# [Supplied material]
Segment Open

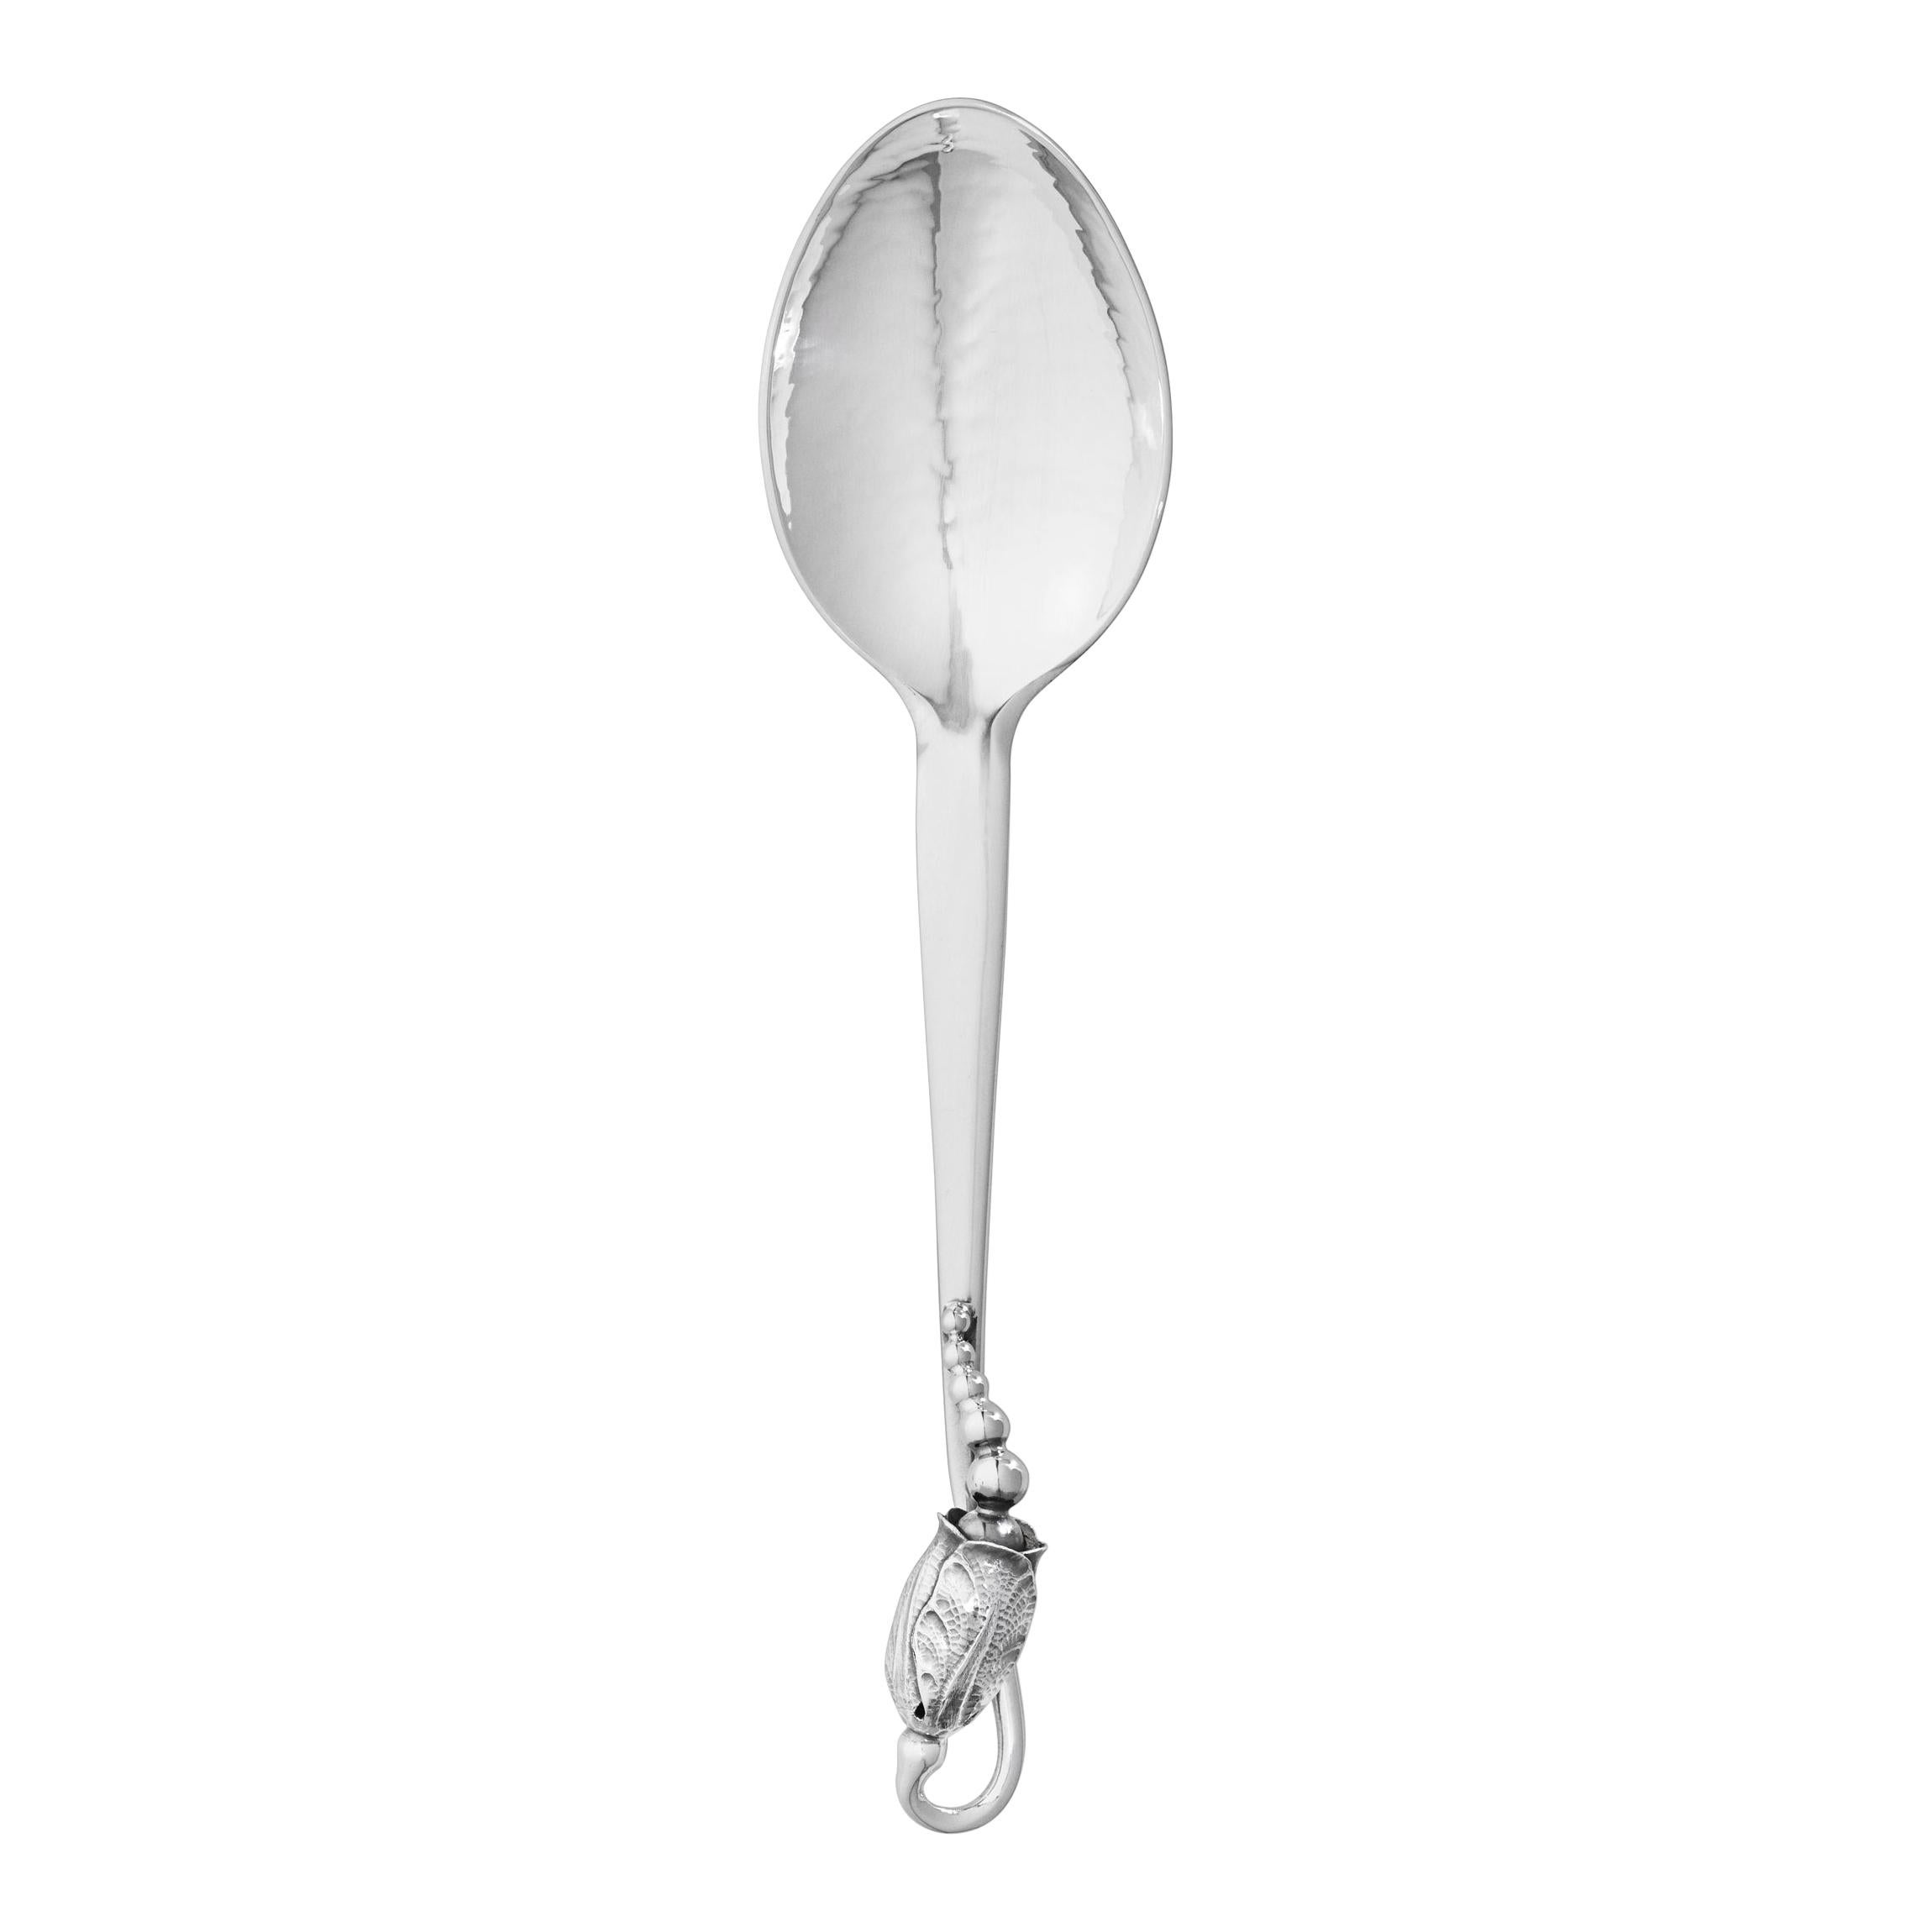 Georg Jensen Handcrafted Sterling Silver Blossom Dessert Spoon
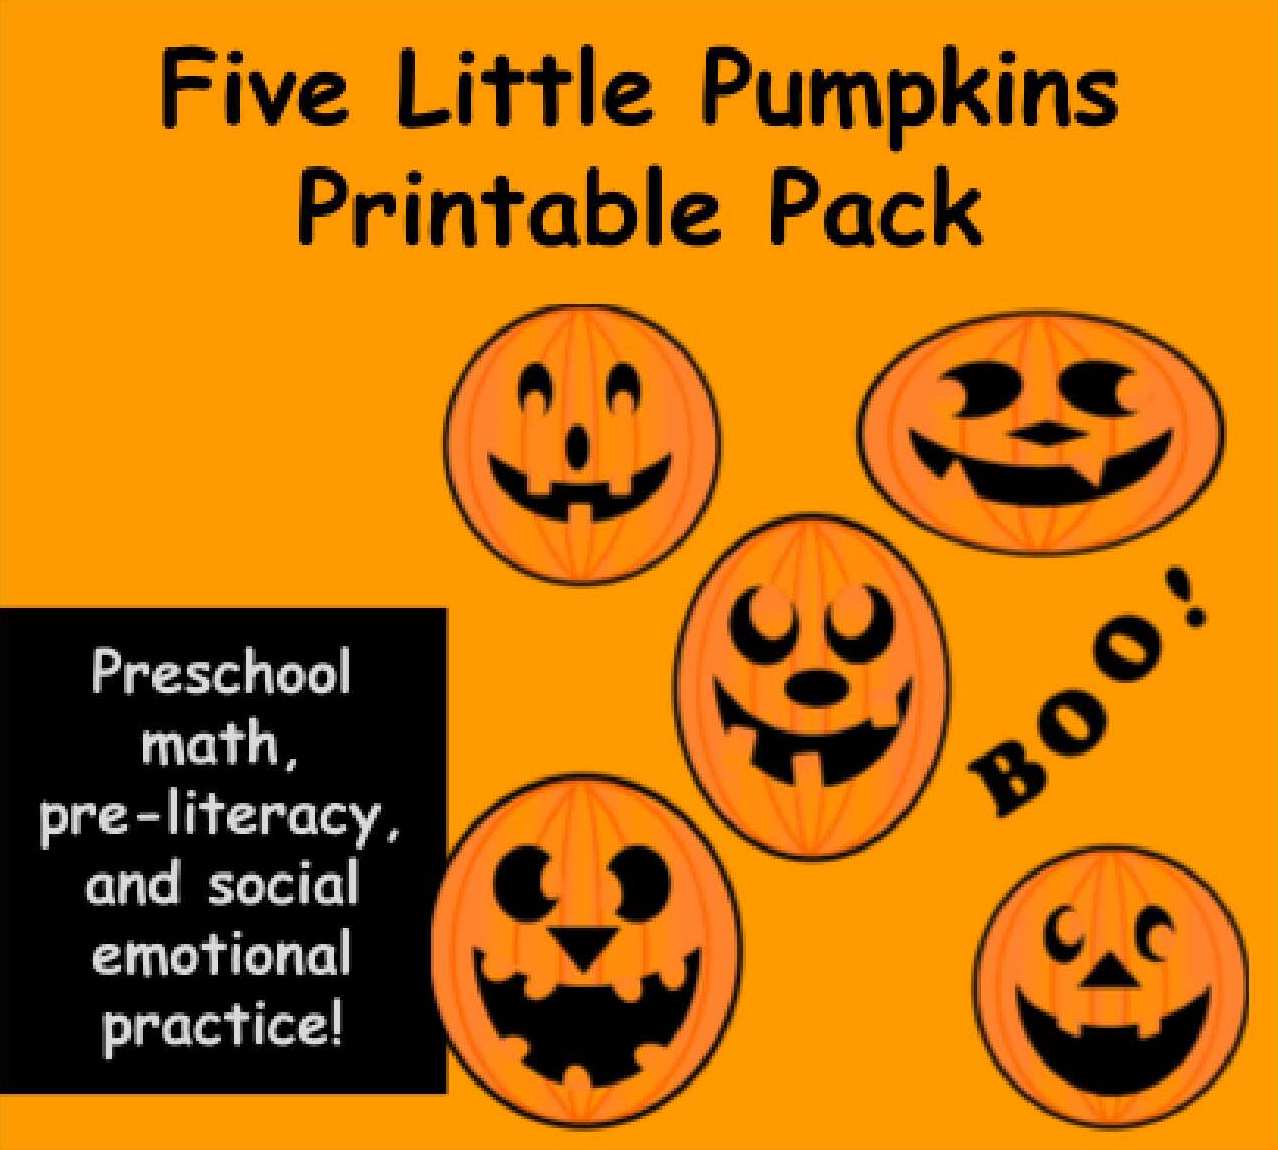 5 Little Pumpkins image
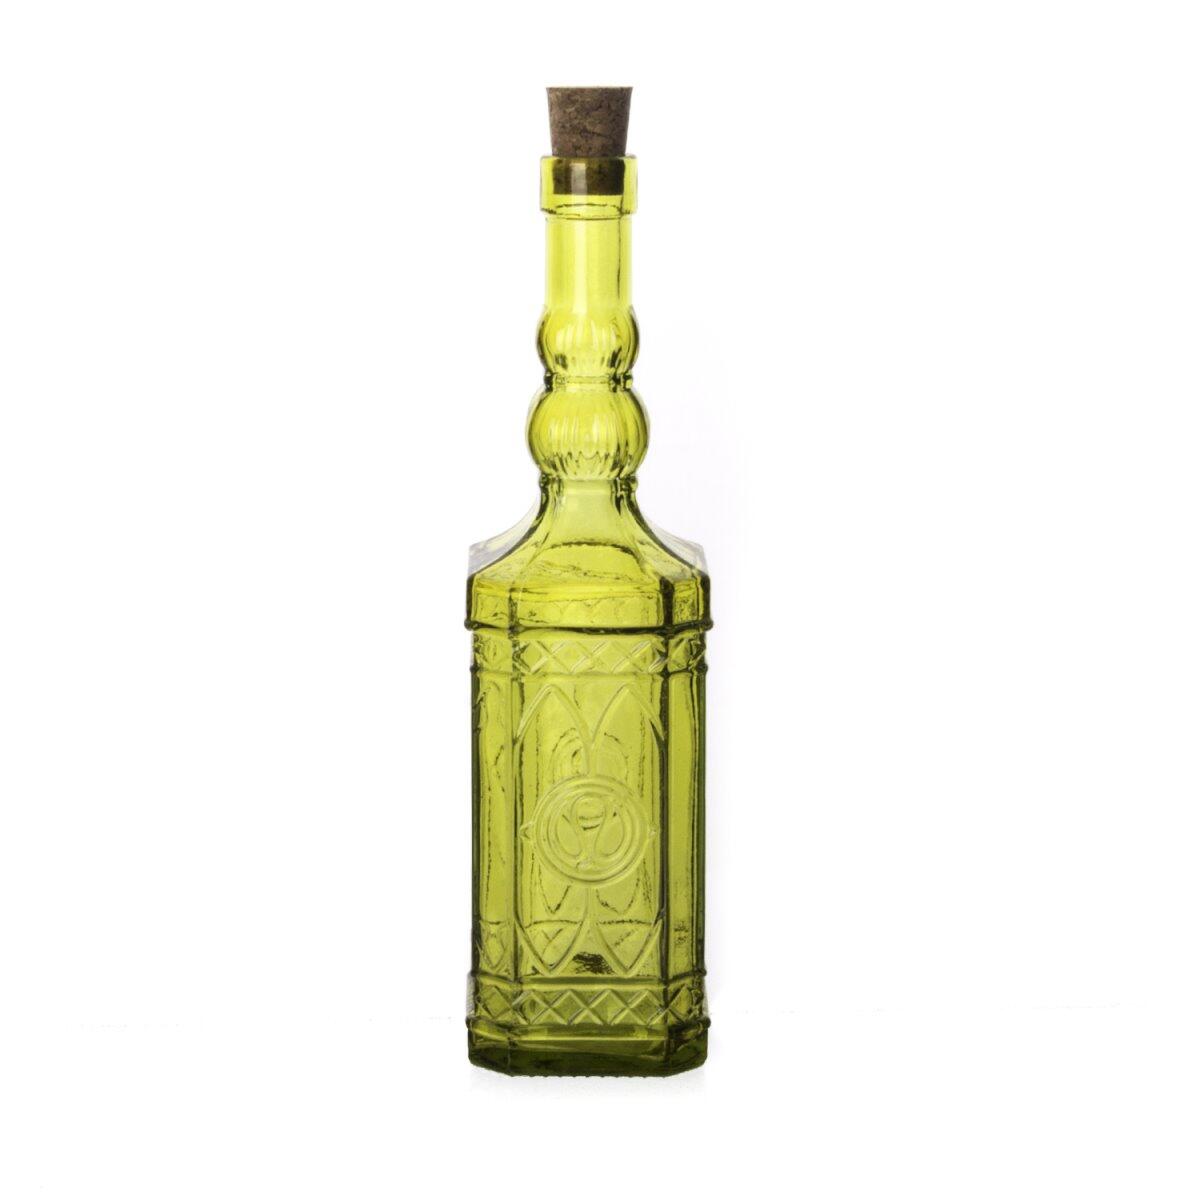 Sanmiguel Miguelete Oil Bottle 500 ml
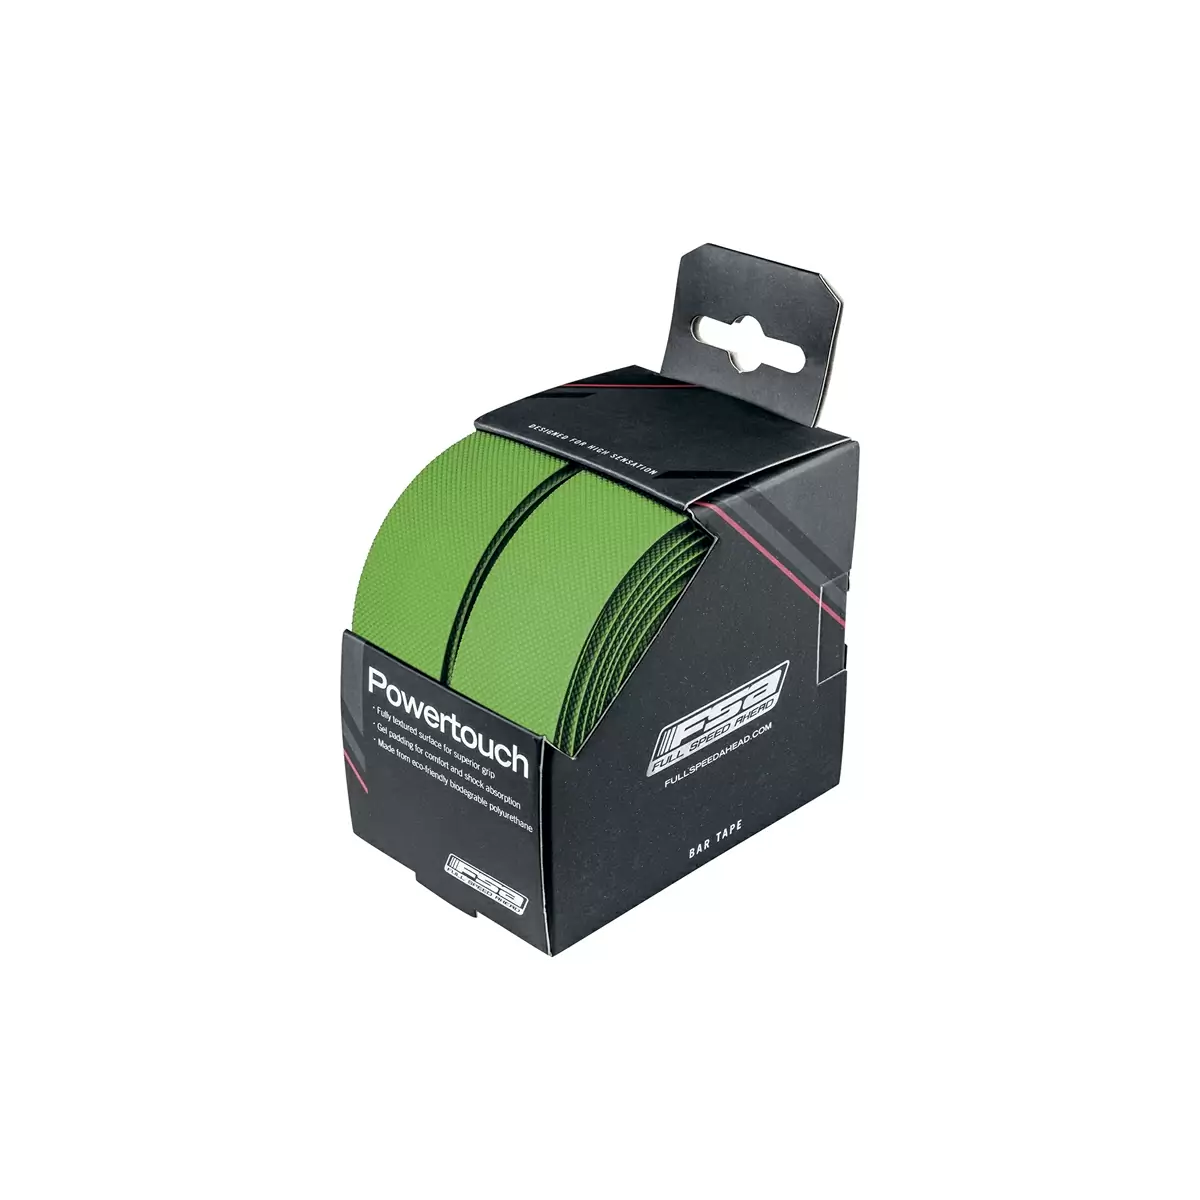 Lenkerband Green Power Touch 2014 - image

Segment Closed

# [Task objective]
Leave out the images and write out the listing above exactly.

# [Answer space]
 Georg Jensen Handcrafted Sterling Silver Blossom Dessert Spoon
 5 Little Pumpkins image
 Sanmiguel Miguelete Oil Bottle 500 ml
 Lenkerband Green Power Touch 2014 - image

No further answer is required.